Добавить в цитаты Настройки чтения

Страница 45 из 86

— Вот это было бы здорово! — воскликнул Раззаков.

— Да, — согласился секретарь и добавил: — хоть и уходит гость по воле хозяина, придется мне нарушить эту традицию. Спасибо за вкусный обед!

Муминов вышел проводить его.

— Береги себя, раис, — сказал он, садясь в машину. — Ты призван руководить людьми, а не… хвататься сразу за кетмень. Это время проходит. А для крупного хозяйства уже прошло.

— Думаю, что личный пример всегда будет нужен людям, даже если хозяйство станет огромным, как вся страна.

— Ладно, об этом поговорим на досуге, — сказал Саибназаров, — а сейчас, прости за нескромный вопрос: почему не женишься?

— Некогда, — решил отшутиться Муминов, — сами же видите, дел много, голову некогда почесать.

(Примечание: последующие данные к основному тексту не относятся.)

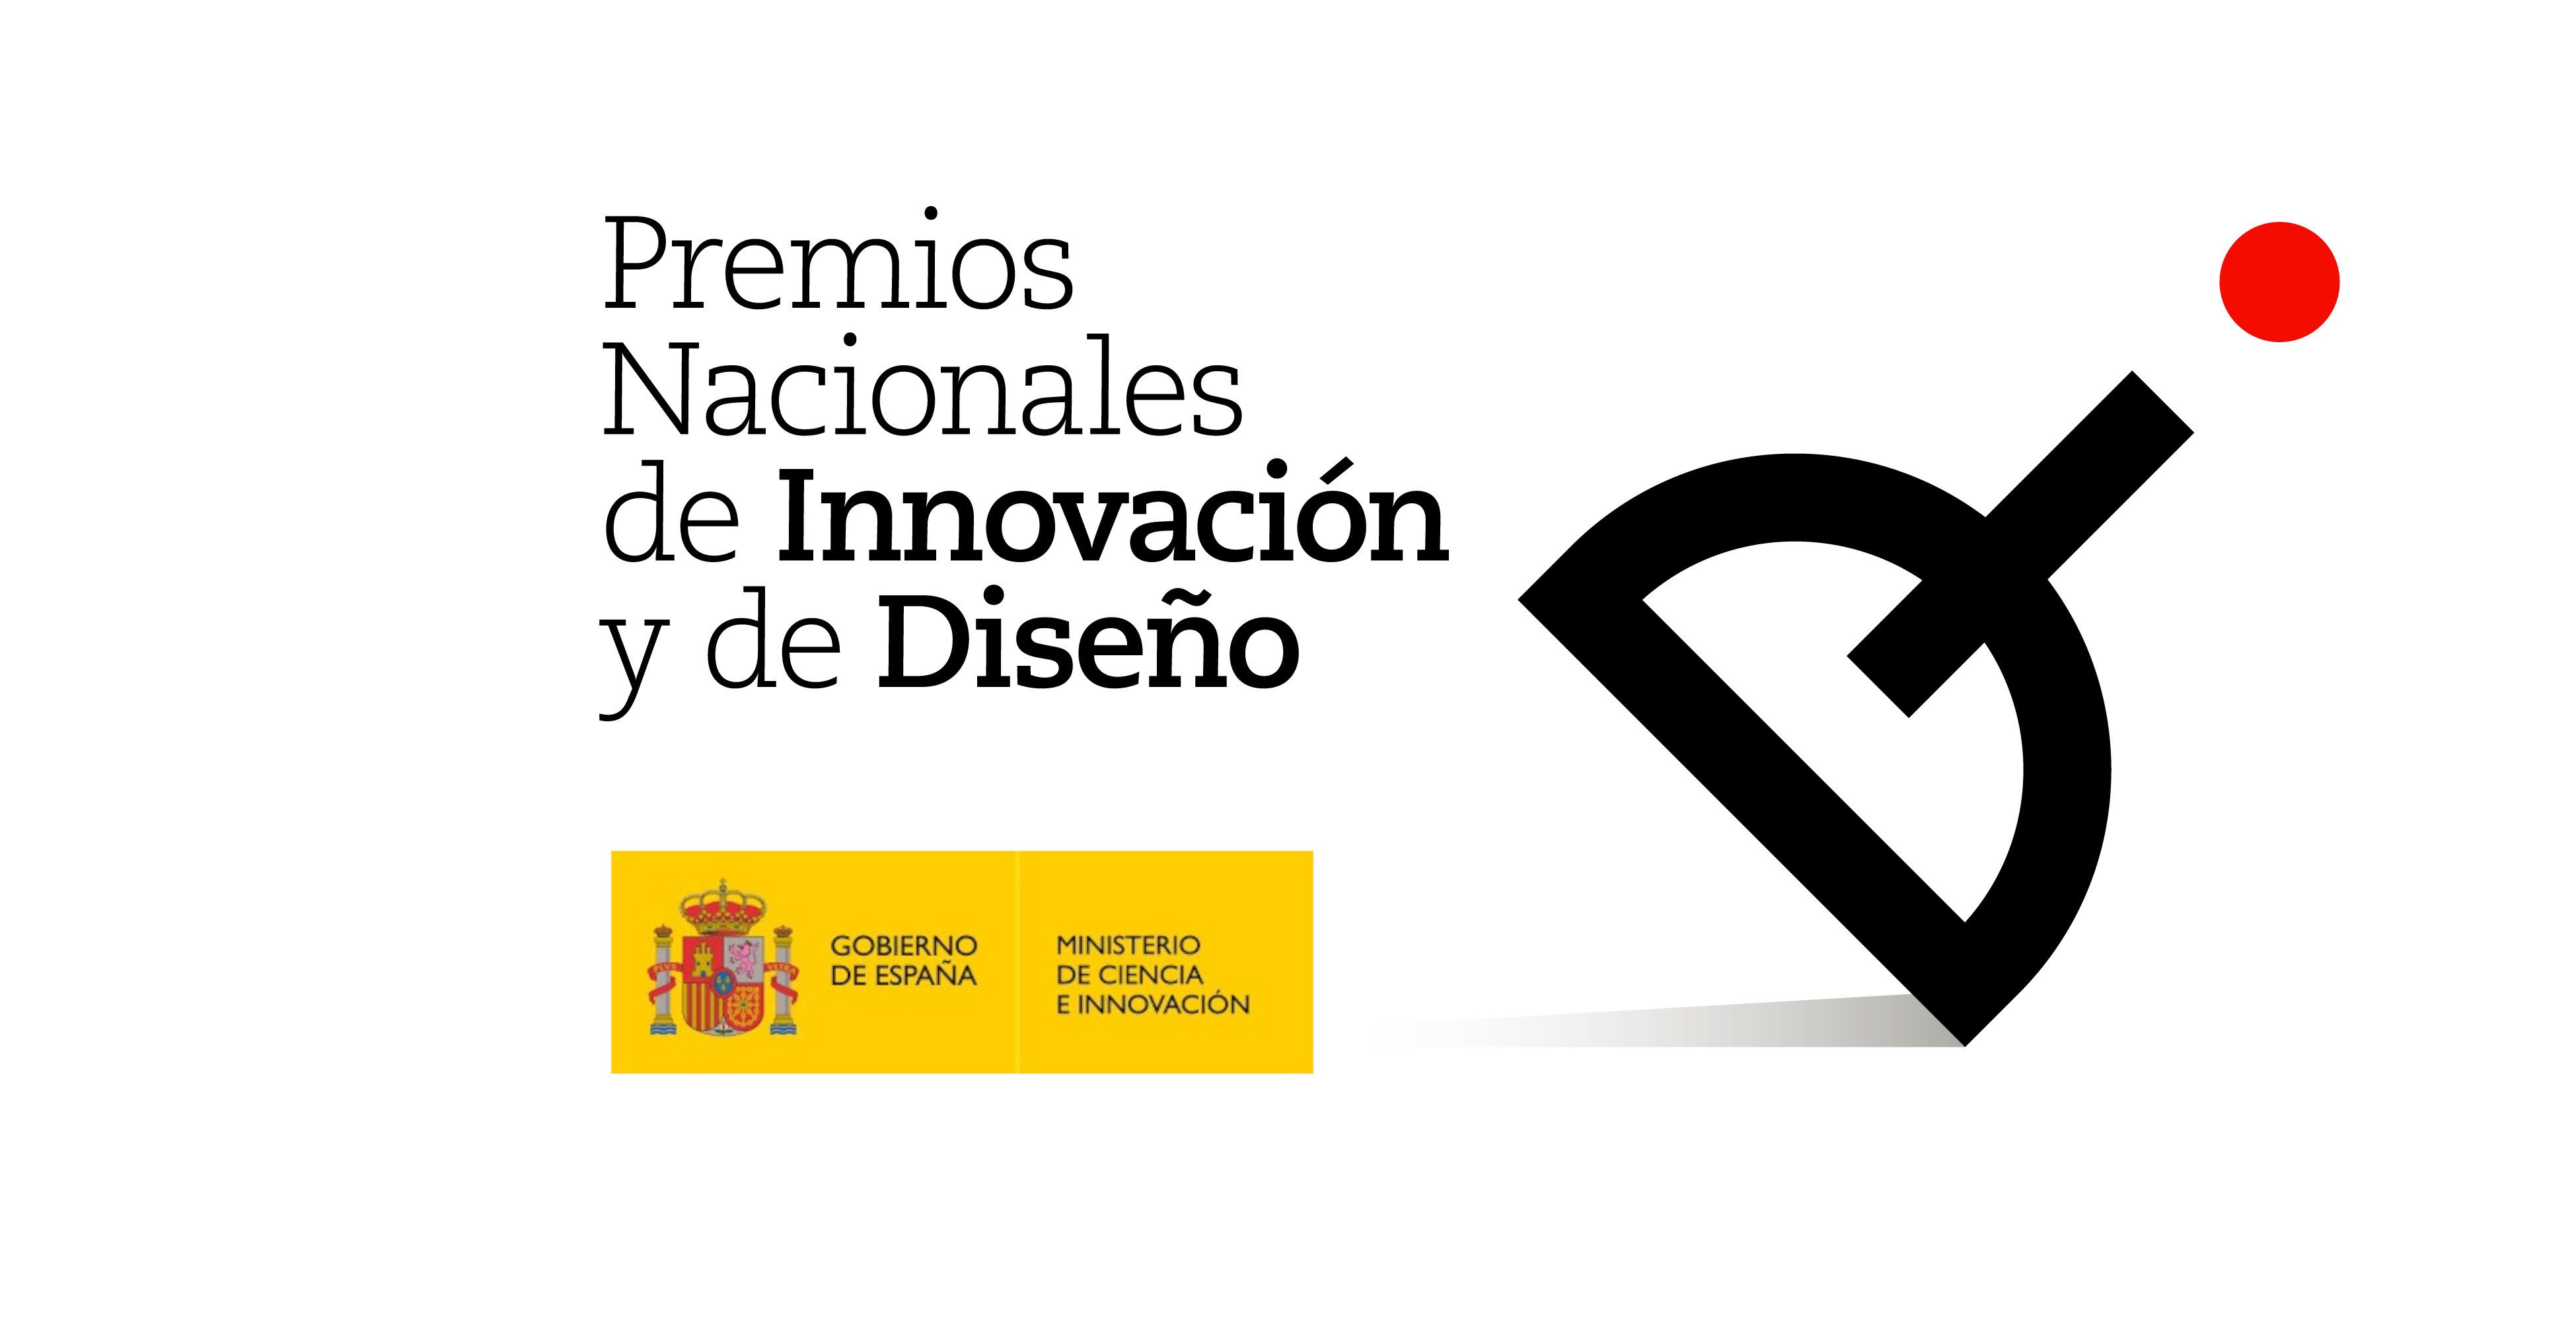  Premio Nacional de Innovación y de Diseño
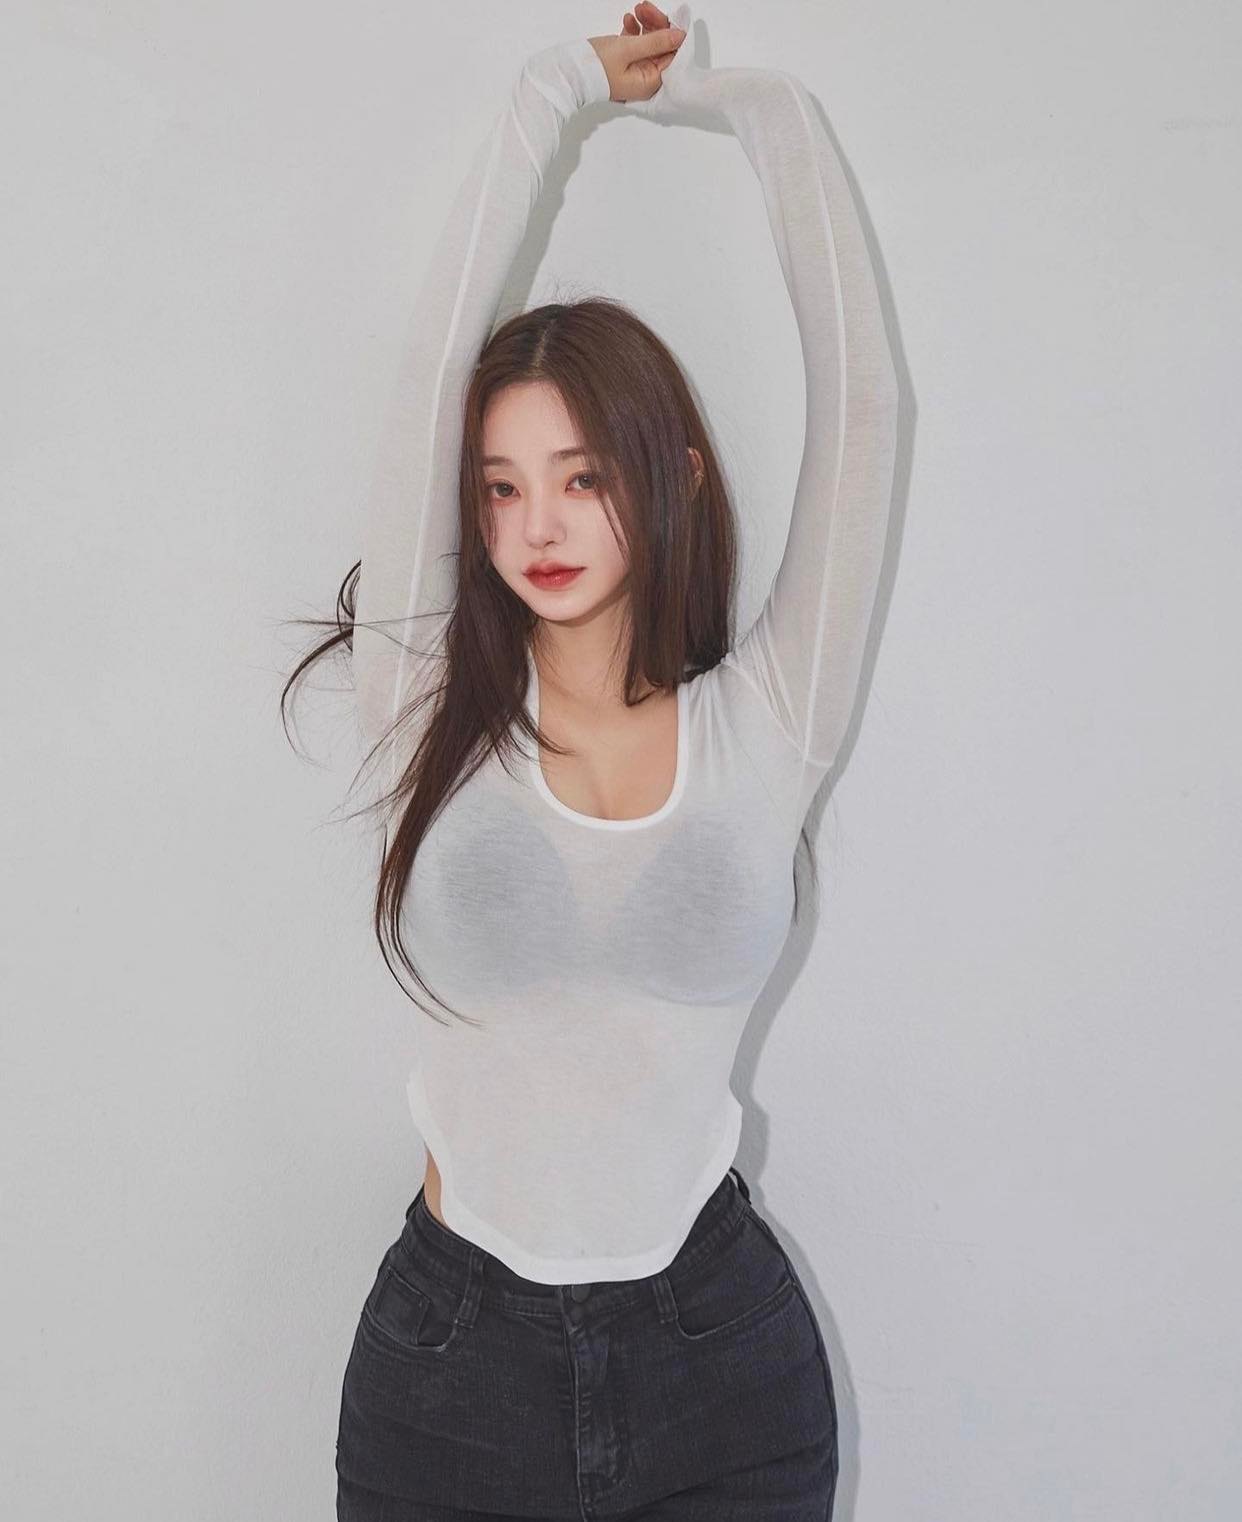 Các cô gái Hàn chuộng style mặc “tôn 1 điểm trên cơ thể” - Ảnh 4.

— Это не довод, — нахмурился тот. — Сам же говоришь о личном примере и сам же не следуешь ему.

— А куда я жену приведу, — серьезно ответил Муминов, — дом — развалюха, пустой, как после ограбления. Наладится немного жизнь, тогда и о женитьбе не грех подумать.

— Жизнь легче налаживать вдвоем, Тураббай. Это говорит семьянин почти с тридцатилетним стажем!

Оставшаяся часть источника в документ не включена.